» **What is being asked**: When the listing below reaches the line that has "CROC EMBOSSED LEATHER", start reproducing exactly; stop after the line that has "Diptyque 8.5 oz. Soft Lotion for the Body", and drop the pictures.

» **Data shown**:
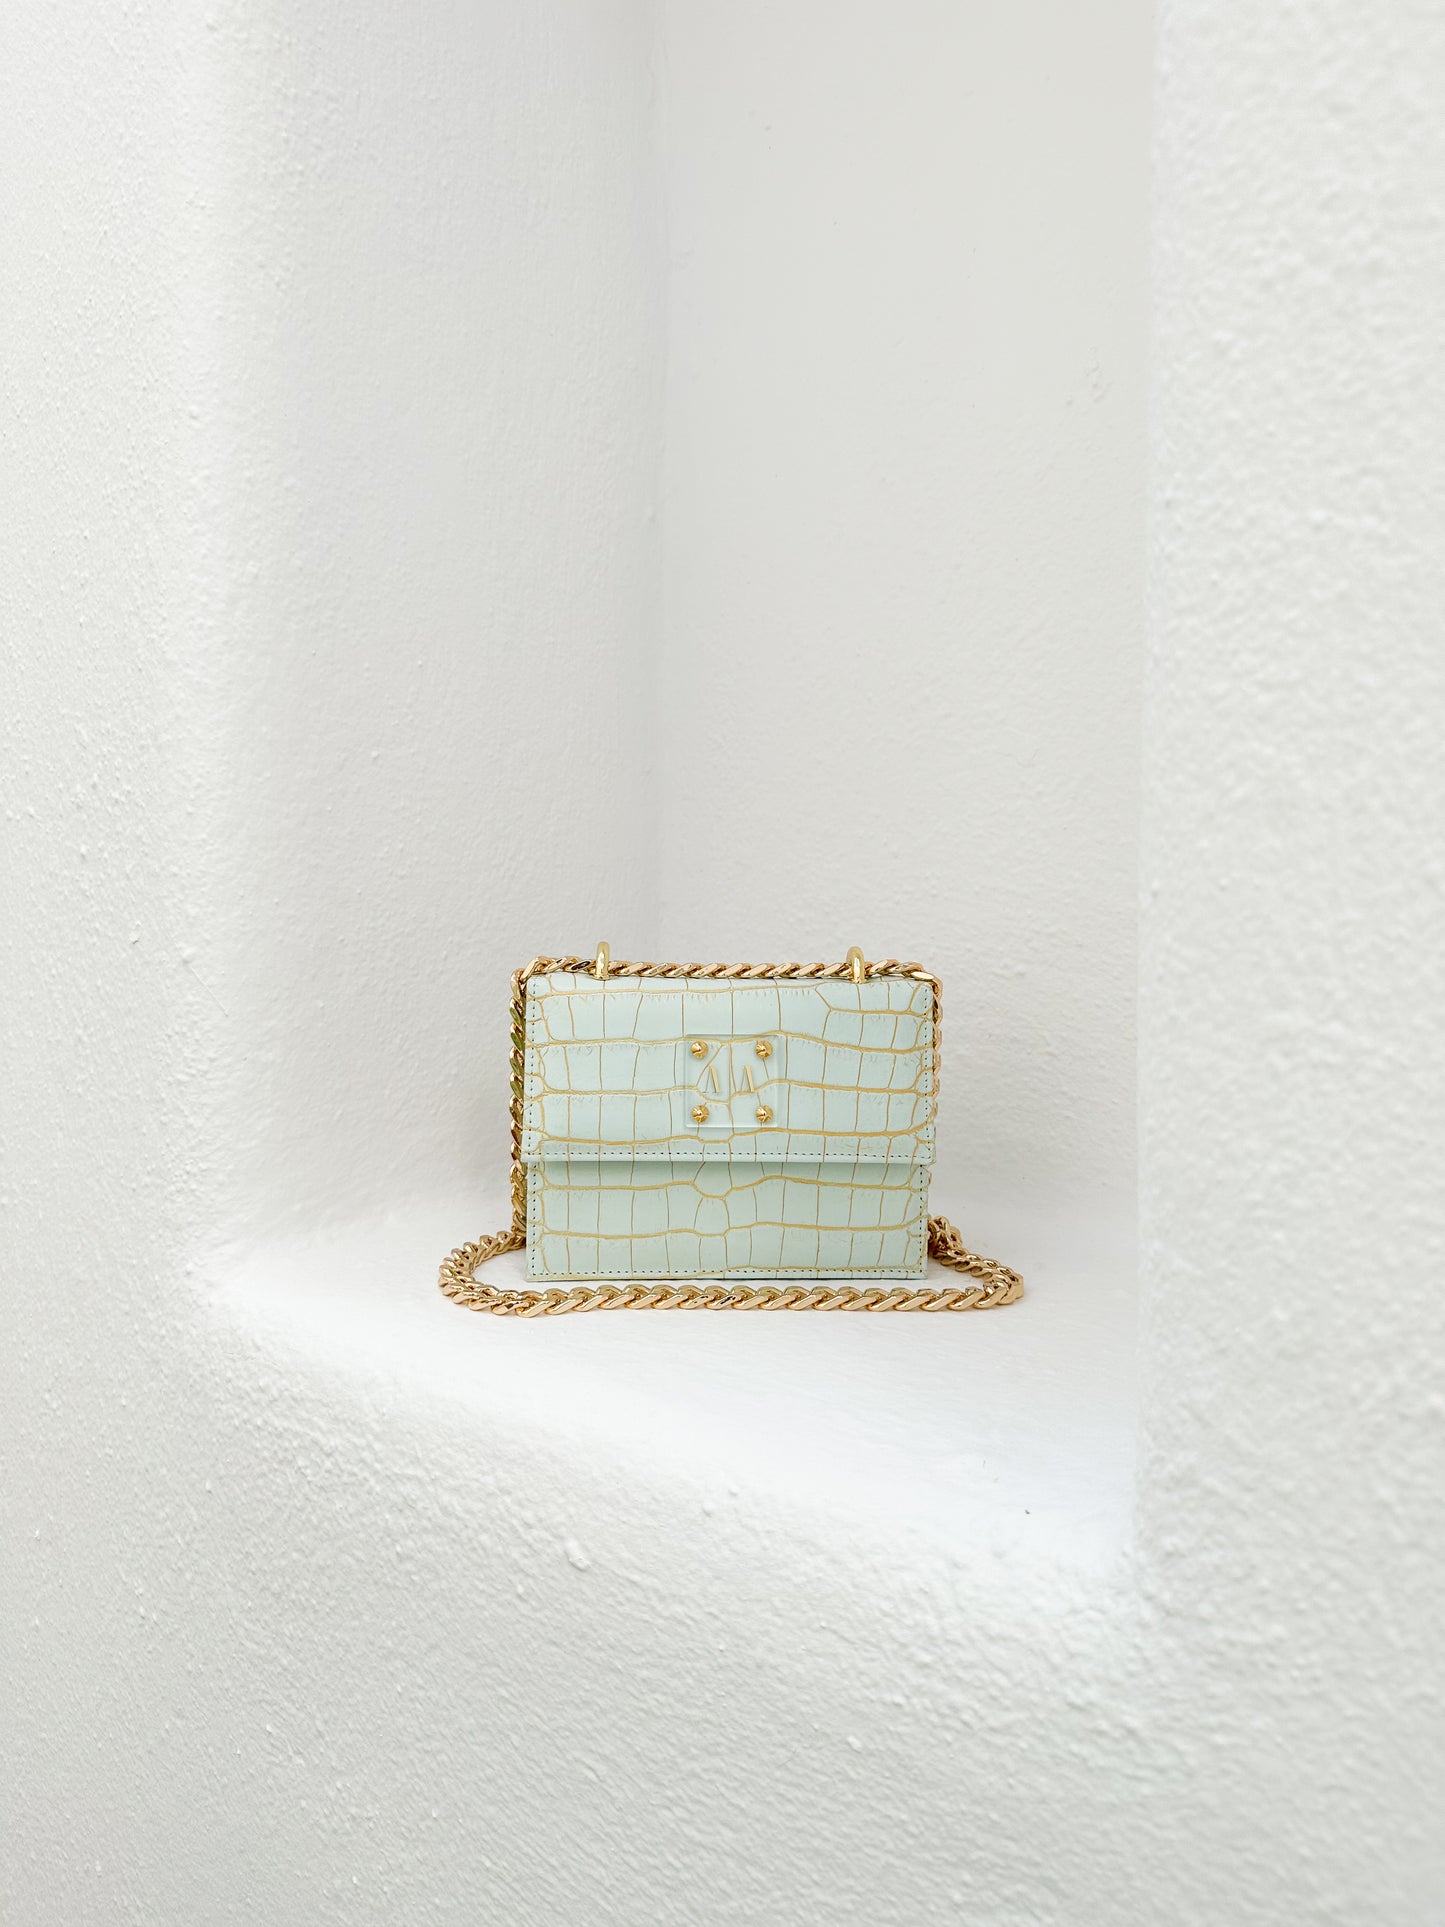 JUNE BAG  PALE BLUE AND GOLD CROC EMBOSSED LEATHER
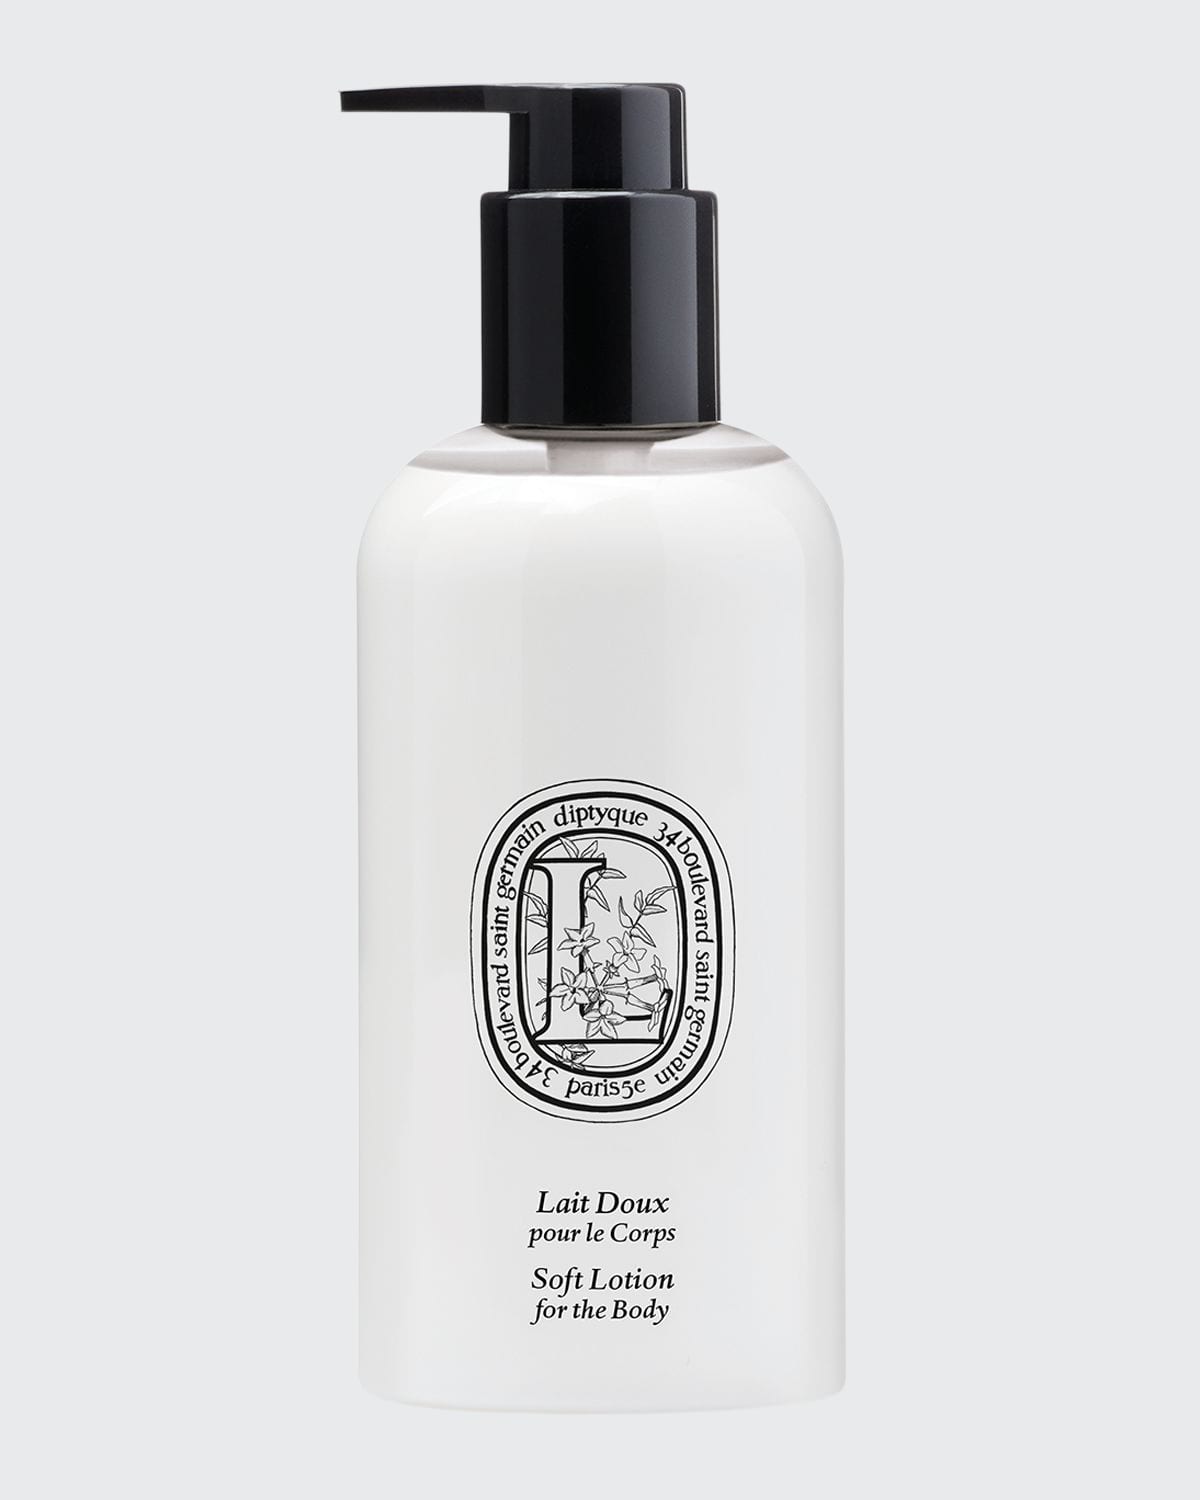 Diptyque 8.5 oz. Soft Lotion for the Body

==

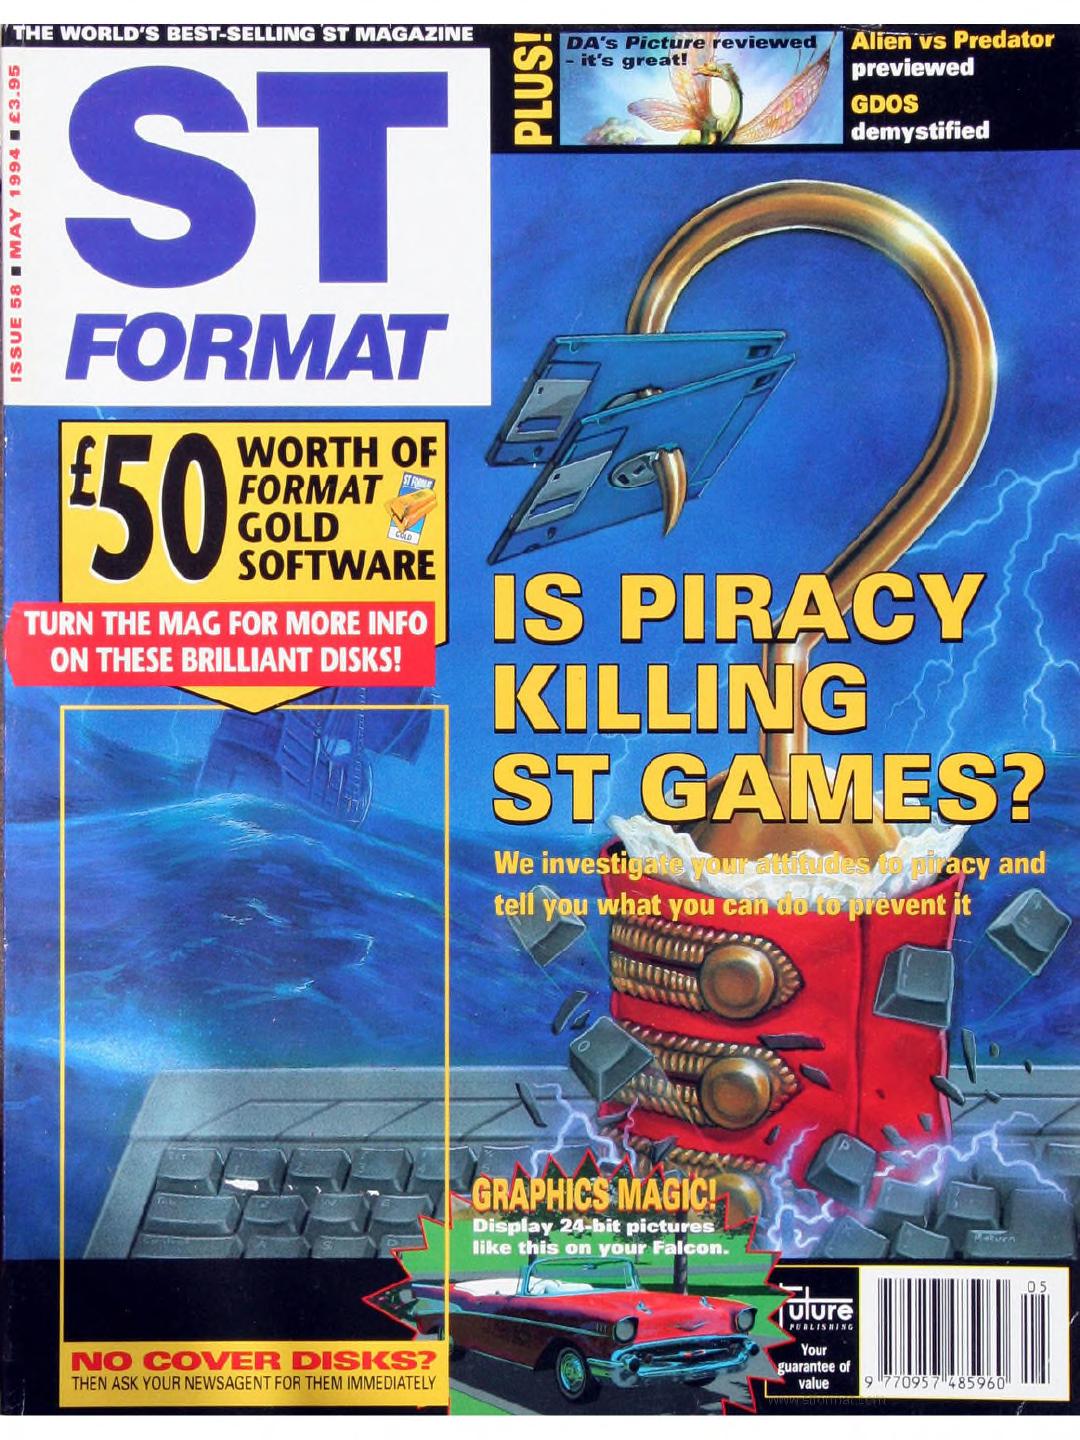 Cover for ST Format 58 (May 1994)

» **Task solution**:
 JUNE BAG  PALE BLUE AND GOLD CROC EMBOSSED LEATHER
 Diptyque 8.5 oz. Soft Lotion for the Body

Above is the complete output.